Antiphospholipid syndrome (APS) in patients with systemic lupus erythematosus (SLE) implies a more severe disease with more damage accrual and higher mortality
Por:
Riancho-Zarrabeitia, L, Martinez-Taboada, V, Rua-Figueroa, I, Alonso, F, Galindo-Izquierdo, M, Ovalles, J, Olive-Marques, A, Fernandez-Nebro, A, Calvo-Alen, J, Menor-Almagro, R, Tomero-Muriel, E, Uriarte-Isacelaya, E, Botenau, A, Andres, M, Freire-Gonzalez, M, Soler, G, Ruiz-Lucea, E, Ibanez-Barcelo, M, Castellvi, I, Galisteo, C, Vila, V, Raya, E, Narvaez-Garcia, J, Exposito, L, Hernandez-Beriain, J, Horcada, L, Aurrecoechea, E and Pego-Reigosa, J
Publicada:
1 oct 2020
Ahead of Print:
1 ago 2020
Resumen:
Introduction Antiphospholipid antibodies (aPL) have been associated with organ damage and certain features in systemic lupus erythematosus(SLE) patients.

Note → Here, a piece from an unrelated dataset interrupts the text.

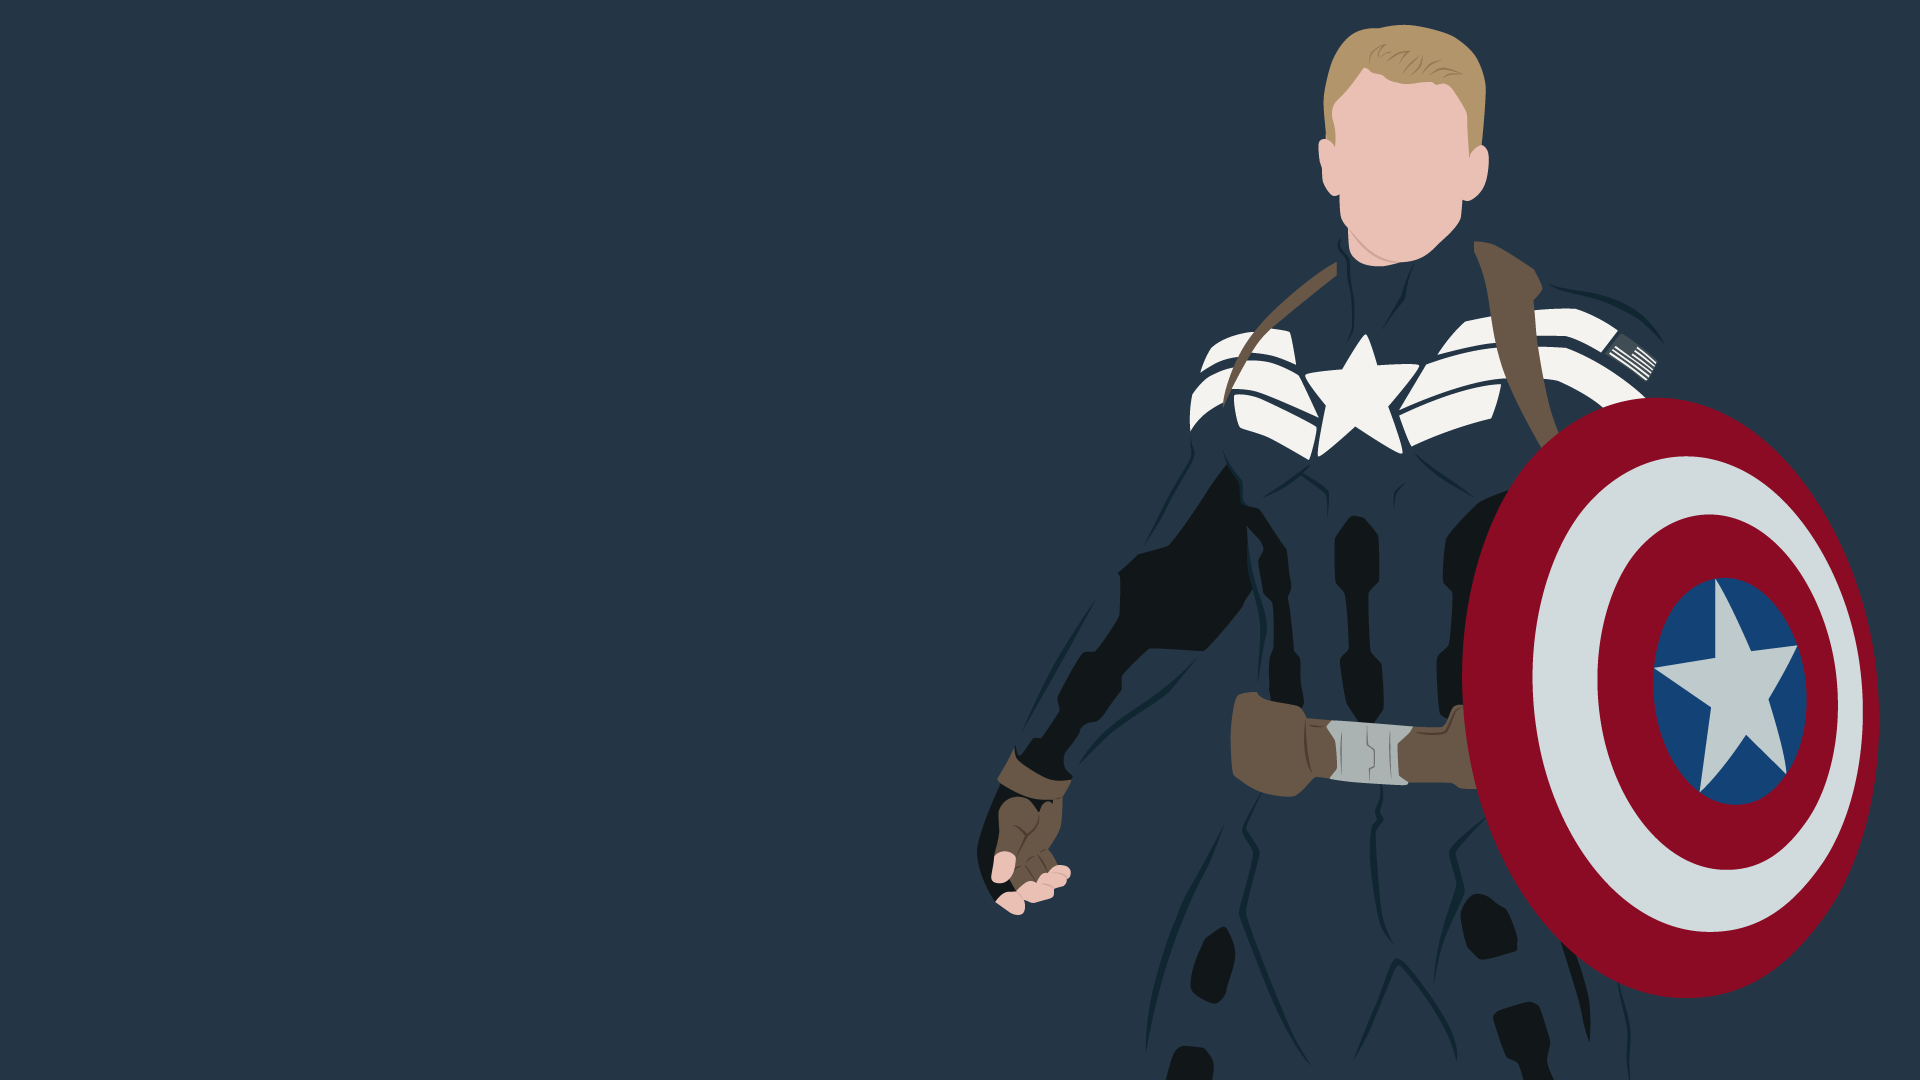 Captain America Wallpaper For Desktop Le Fandoms

Our aim was to investigate the differences between SLE patients according to the presence of aPL and/or clinical antiphospholipid syndrome (APS). Materials and methods Patients from the RELESSER-T registry were included. RELESSER-T is a Spanish multicenter, hospital-based, retrospective, SLE registry. Results We included 2398 SLE patients, 1372 of whom were positive for aPL. Overall 1026 patients were classified as SLE, 555 as SLE-APS and817 as SLE-aPL. Regarding cardiovascular risk factors, SLE-APS patients had higher rates of hypertension, dyslipidemia and diabetes than those with SLE-aPL and SLE (p < 0.001). SLE-APS patients showed higher rates of neuropsychiatric, cardiac, pulmonary, renal and ophthalmological manifestations than the other groups (p < 0.001). SLE-APS patients presented greater damage accrual with higher SLICC values (1.9 +/- 2.2 in SLE-APS, 0.9 +/- 1.4 in SLE-aPL and 1.1 +/- 1.6 in SLE,p < 0.001) and more severe disease as defined by the Katz index (3 +/- 1.8 in SLE-APS, 2.7 +/- 1.7 in SLE-aPL and 2.6 +/- 1.6 in SLE,p < 0.001). SLE-APS patients showed higher mortality rates (p < 0.001). Conclusions SLE-APS patients exhibited more severe clinical profiles with higher frequencies of major organ involvement, greater damage accrual and higher mortality than SLE-aPL and SLE patients.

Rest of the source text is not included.